Tuesday, December 11, 2012

In exchange for un-needed bank bailout, Cyprus gives up its sovereignty

As reported by Der Spiegel, in exchange for a bank bailout, Cyprus has effectively given up its sovereignty to the Troika (the IMF, ECB and European Commission) and accepted permanent austerity.

With this action, Cyprus has become the poster child for what the future holds for Greece, Spain, Italy and France so long as policy makers insist that protecting bank book capital levels comes ahead of protecting the real economy and society.
Cyprus wants help from the European Union's bailout fund. But the price for the billions in emergency aid money is high. The country will effectively lose its sovereignty.... 
it is already clear that in return for billions of euros for the debt-ridden country from the European bailout fund, the "troika," made up of the European Commission, the European Central Bank (ECB) and the International Monetary Fund (IMF), will essentially take control of the Mediterranean island. 
The Cypriot government and representatives of the troika negotiated for almost five months over the terms of a bailout package, worth at least €17.5 billion ($22.8 billion). 
The negotiations produced the draft version of a 30-page Memorandum of Understanding (MoU), in which the troika dictates to Cyprus what steps it will have to take in the coming years, down to the smallest detail.... 
[Cyprus President] Christofias left no doubt as to who he blames for the disaster, saying: "It's true that the decisions of bank executives and the miserable control by the Cypriot central bank have cost Cyprus billions of euros." 
The amount of the aid package corresponds almost to the country's entire economic output in a year. According to the troika's plan, by 2016 Cyprus's national budget will be cleaned up enough that the country can hopefully make do without new debt. 
Cypriot banks are also expected to make a contribution. Crisis-ridden institutions will no longer be supported solely by injections of cash from the European bailout fund. This time, the banks' creditors are also expected to pay up. 
"With the goal of minimizing the cost to taxpayers, bank shareholders and junior debt holders will take losses before state-aid measures are granted," the MoU draft reads. This means that creditors of Cypriot banks won't just be able to withdraw their money. Instead, their claims will be converted into bank shares. 
In taking this step, the troika is avoiding a potential embarrassment. 
Substantial sums of Russian capital are deposited into Cypriot banks, and some of it is probably of dubious origin. It would be difficult to explain to the European public why its taxes are being used to rescue wealthy oligarchs.... 
At the same time, Cyprus will have to rebuild its financial sector in the coming years, along with drastically improving regulations and intensifying the fight against money laundering and tax evasion. 
All of this raises the interesting question of why bailout the banks in the first place.
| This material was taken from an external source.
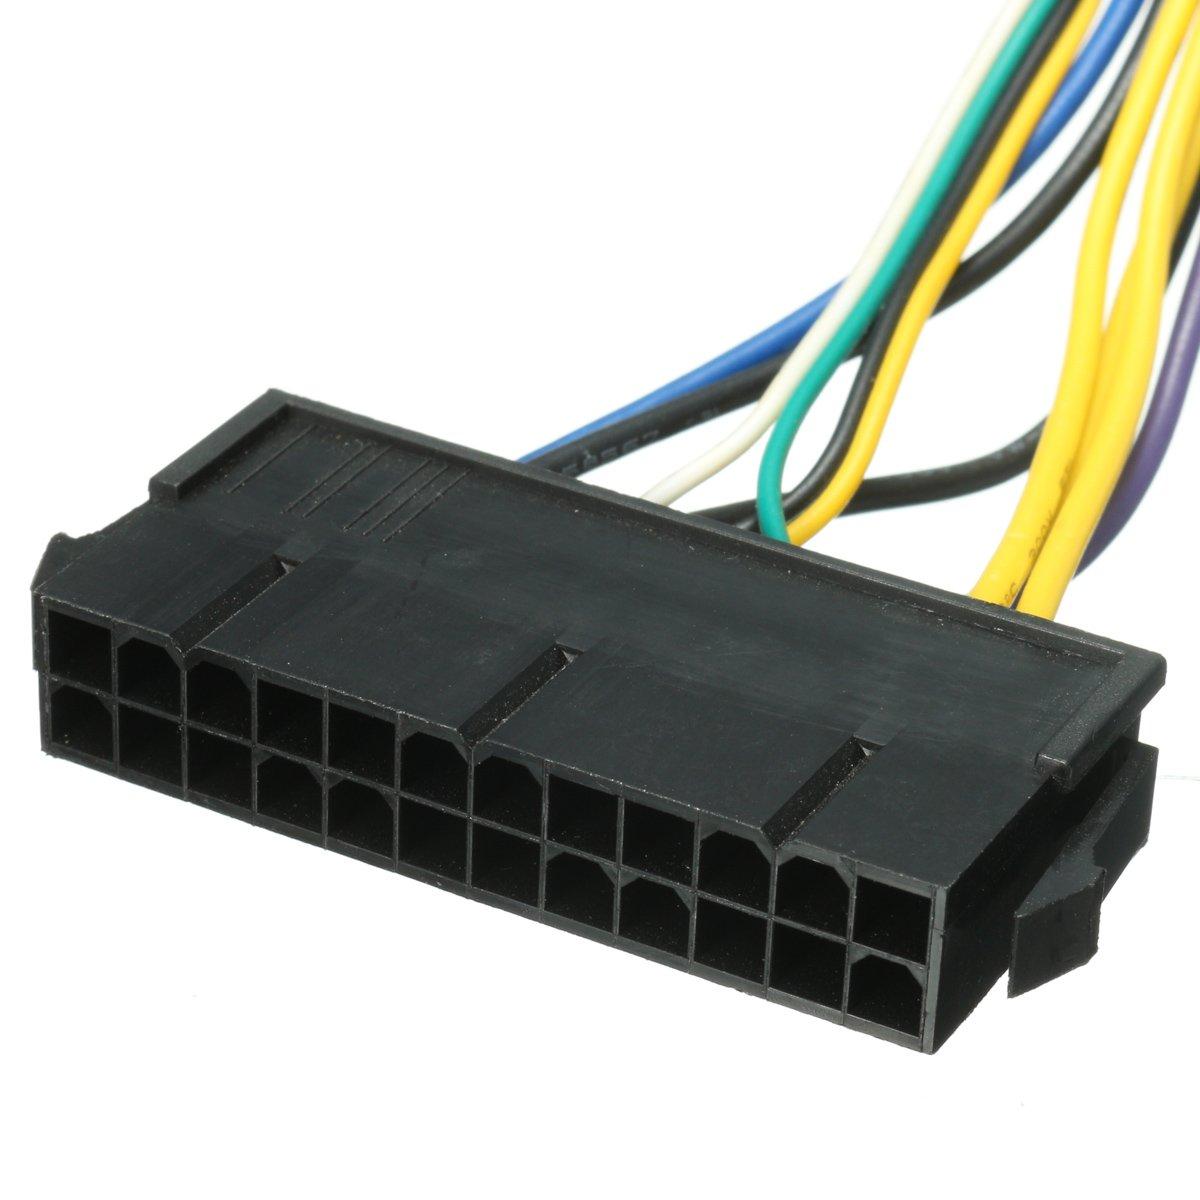 Tolle Donnerbolzen Zum Firewire Adapter Galerie - Elektrische ...

Wouldn't it be simpler to just have them absorb the losses on their exposure and rebuild their book capital levels through retention of 100% of pre-banker bonus earnings?
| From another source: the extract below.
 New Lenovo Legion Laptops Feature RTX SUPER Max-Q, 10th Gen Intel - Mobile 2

It would also be better for the citizens of Cyprus as it is pretty clear that they do not receive much if any of the bailout money (the money is likely to go to banks in France and Germany that over-extended credit to the banks in Cyprus).
But on Tuesday, the president wasn't willing to end his address without giving his fellow Cypriots at least some words of comfort and hope. ... Cyprus can hope for a new "economic miracle."
Since the bank losses have been socialized, it will take a miracle for Cyprus to ever recover.